After an extended period of low interest rates, fixed-income yields remain historically attractive and offer investors an opportunity to reassess their portfolio allocations. We believe the opportunity for the asset class, as a significant part of long-term asset allocations, is compelling. What might be the best way to balance those fixed-income allocations in today’s volatile and uncertain rate environment? Here, we will focus on a particularly attractive opportunity in investment-grade, floating-rate strategies.
The Rate Environment Has Changed
There was a tactical rush to bonds in late 2023, as markets responded to falling inflation readings and dovish commentary from U.S. Federal Reserve (Fed) officials by quickly pricing in over six 25-basis-point rate cuts before the end of 2024.
As 2025 progresses, inflation has continued to moderate and economic data has remained resilient. Signs of softening employment figures have prompted the Fed to begin easing, with market expectations for two more 25-basis-point rate cuts by year-end, reflecting investors’ reassessment of the Fed’s balancing act between supporting the labor market and managing inflationary pressures.

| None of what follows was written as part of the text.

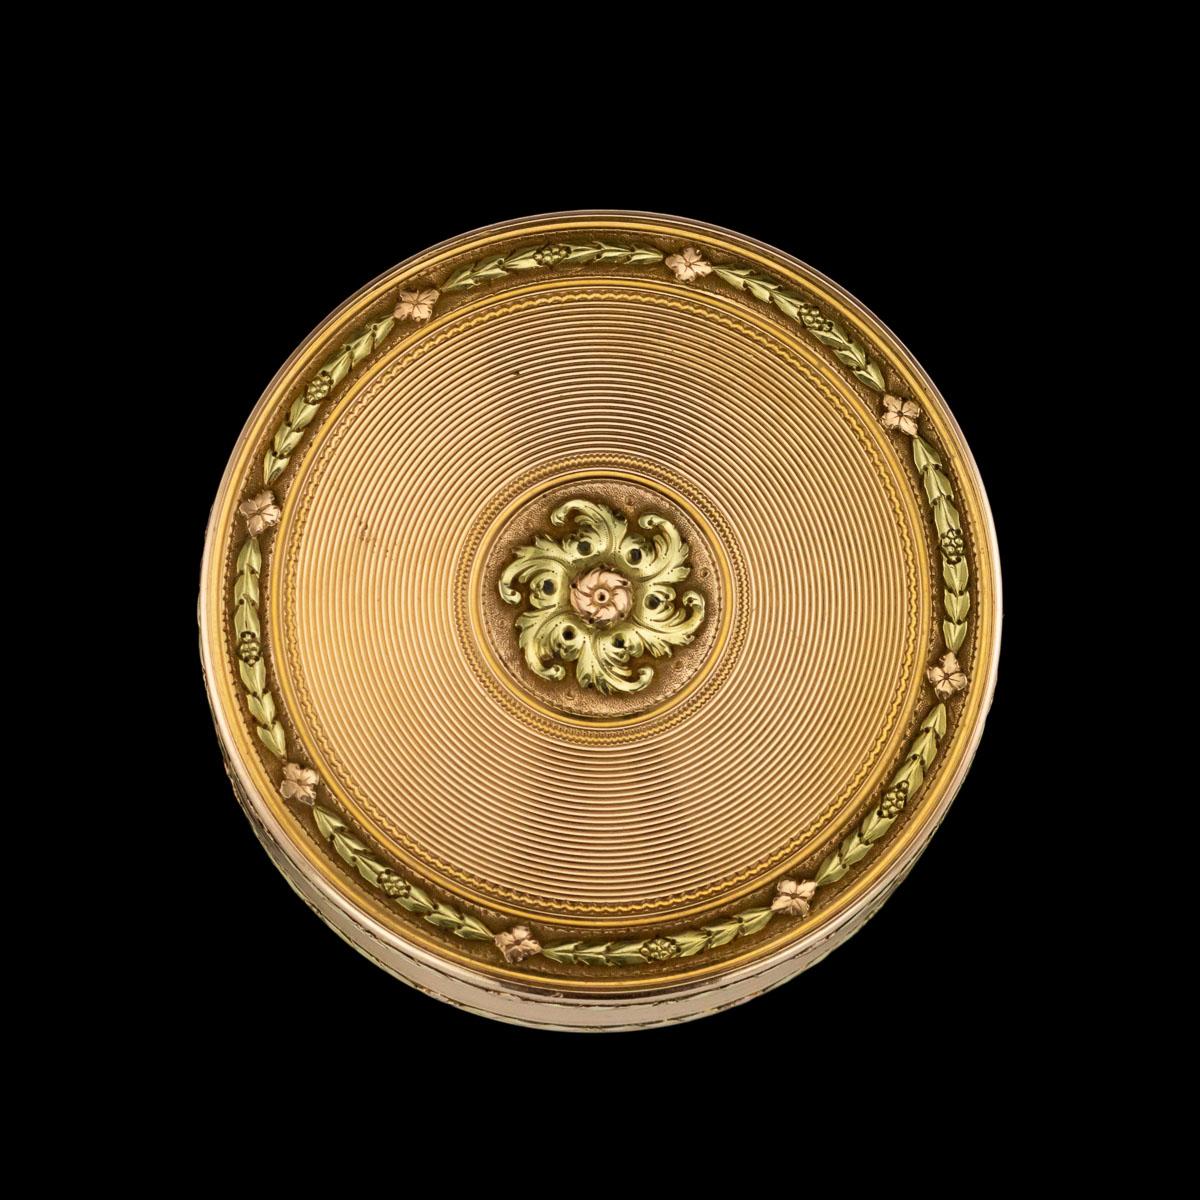 Antique 18th century French magnificent three-colored 18-karat gold snuff box / bonbonniere, of round form, engine turned decoration, the cover and base centred with vari-color gold rosette, edges chased with flowers and husk garlands on a matted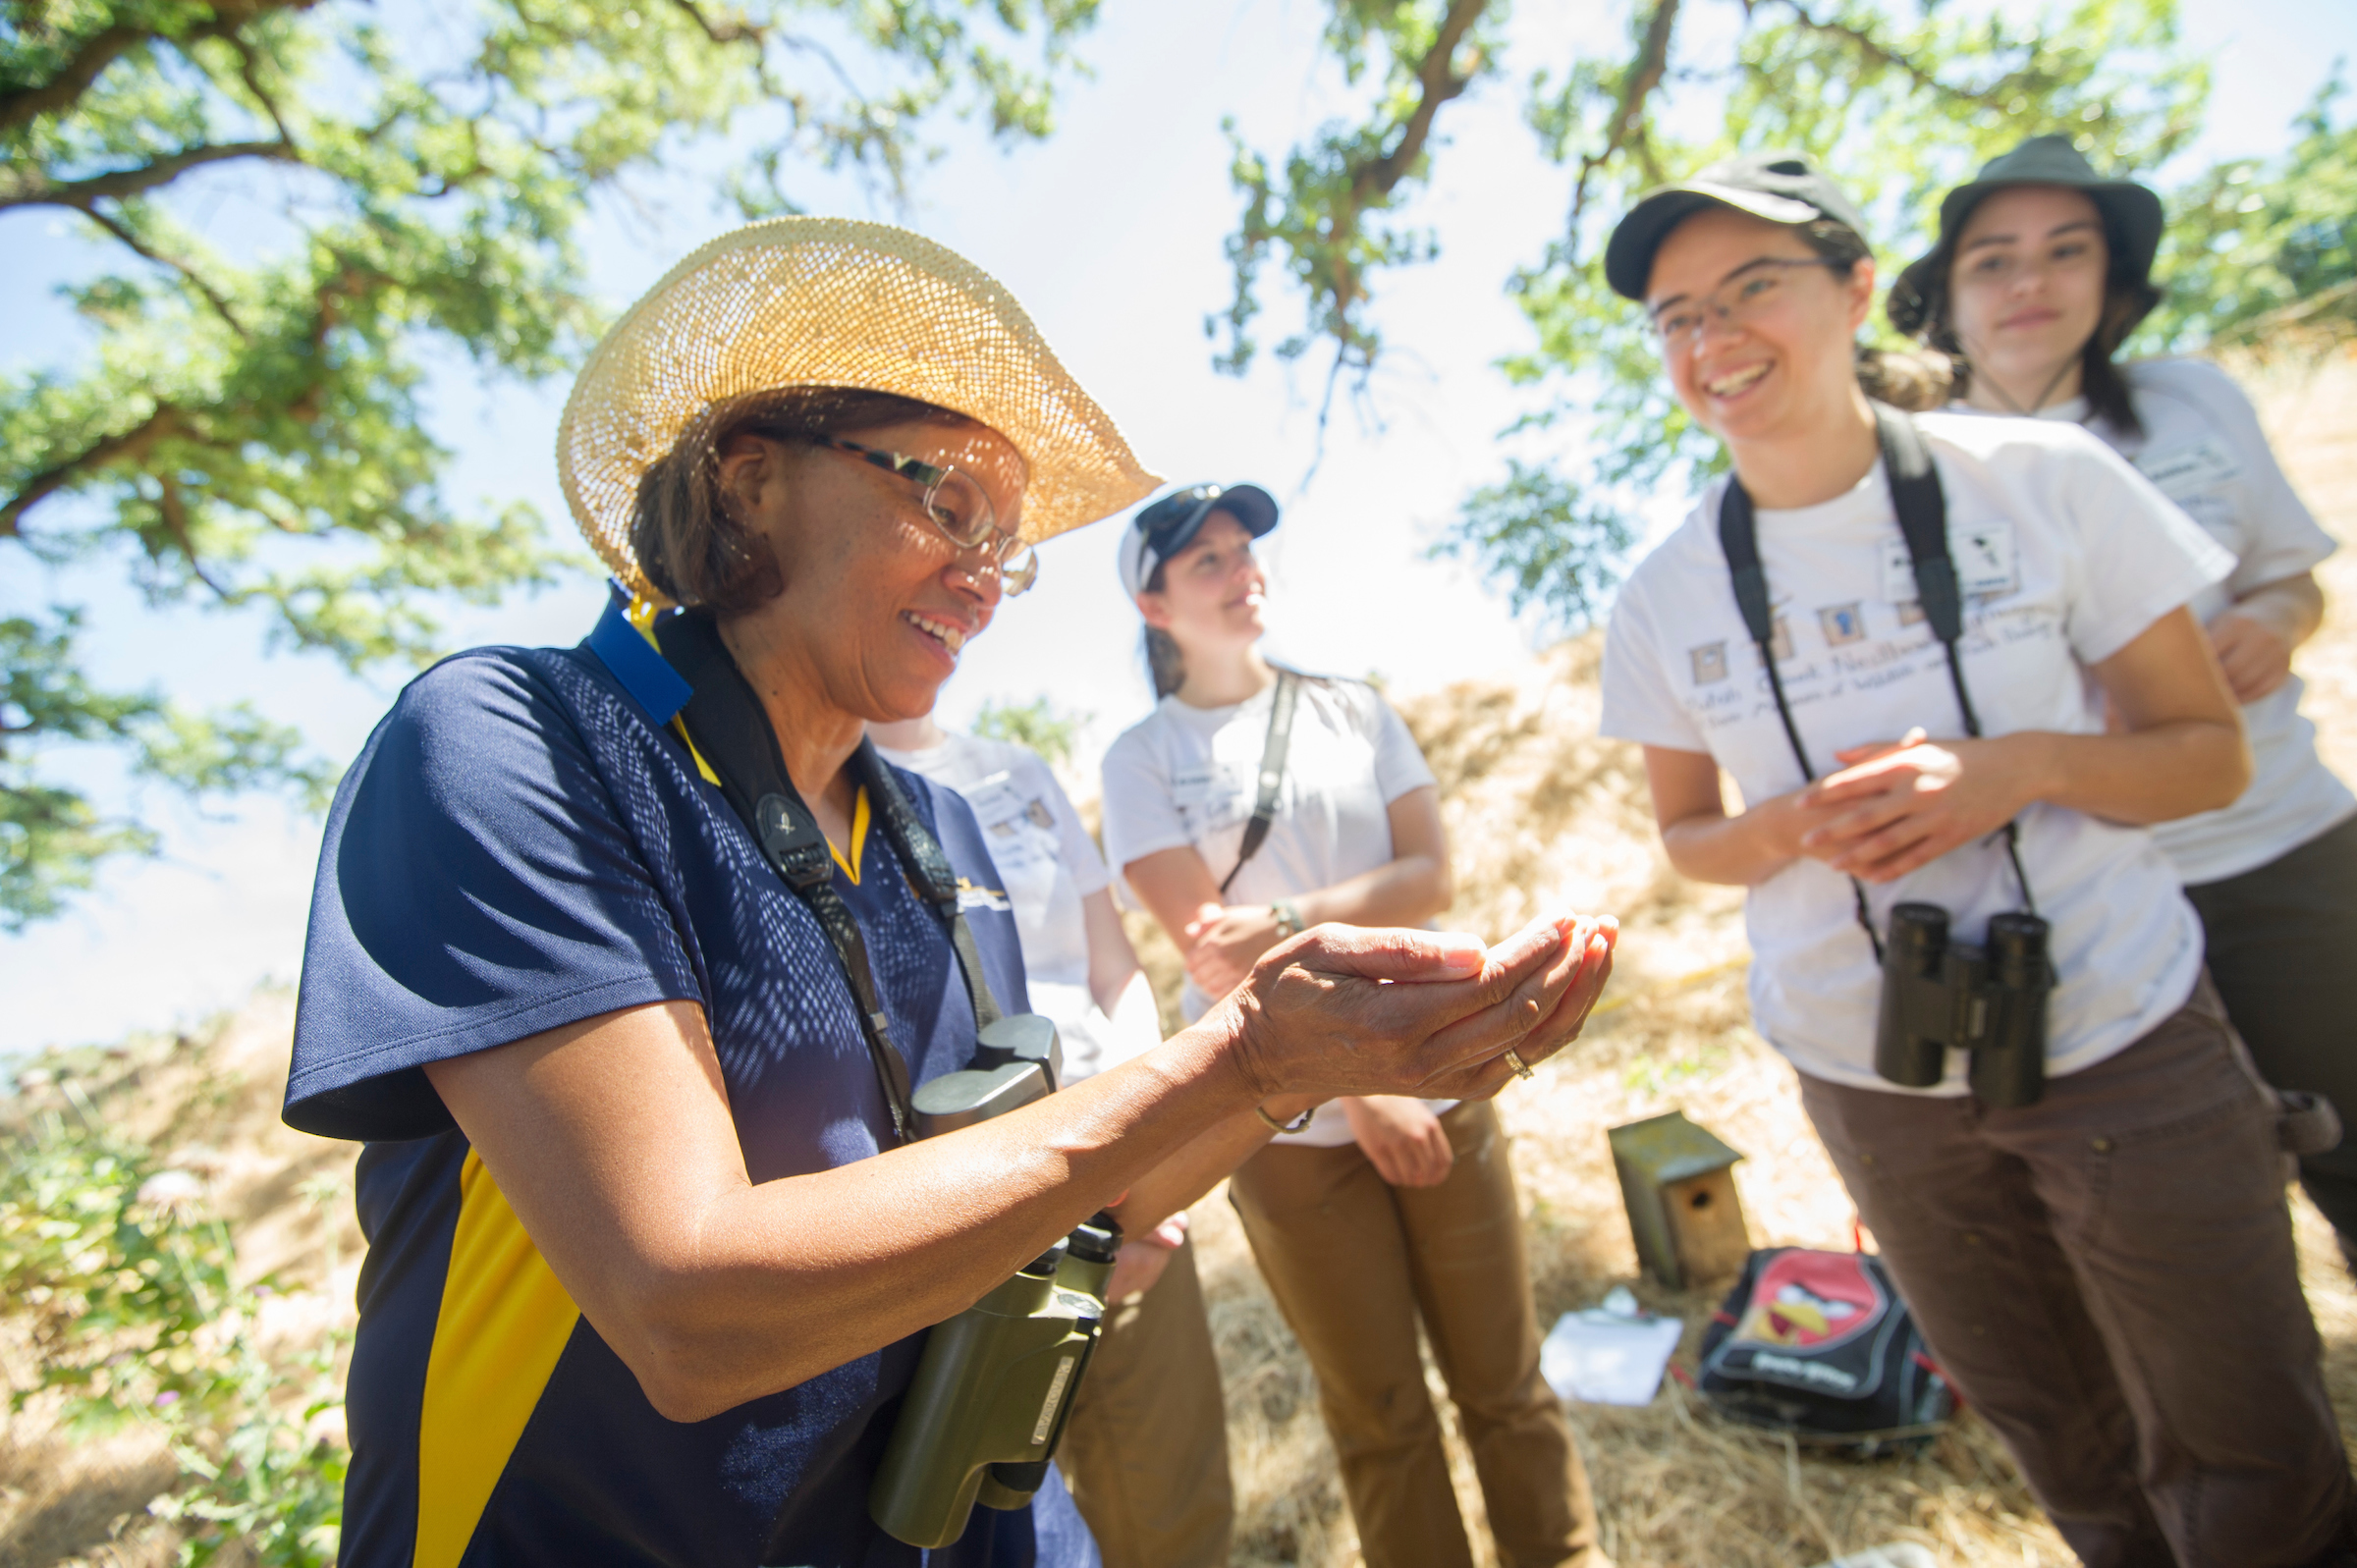 Woman wearing a hat in a field holds a bird with students looking

While uncertainty persists, the current environment of elevated yields remains supportive of higher bond allocations. Take a look at Figure 1, based on data from institutional consultant Callan. Investors with fixed return targets were forced out of low-yielding fixed income over the last 15 years, opting instead for higher-risk options in public and private equity and real estate. With today’s attractive yields, investors can potentially hit return targets with much less volatility by incorporating a higher proportion of fixed income.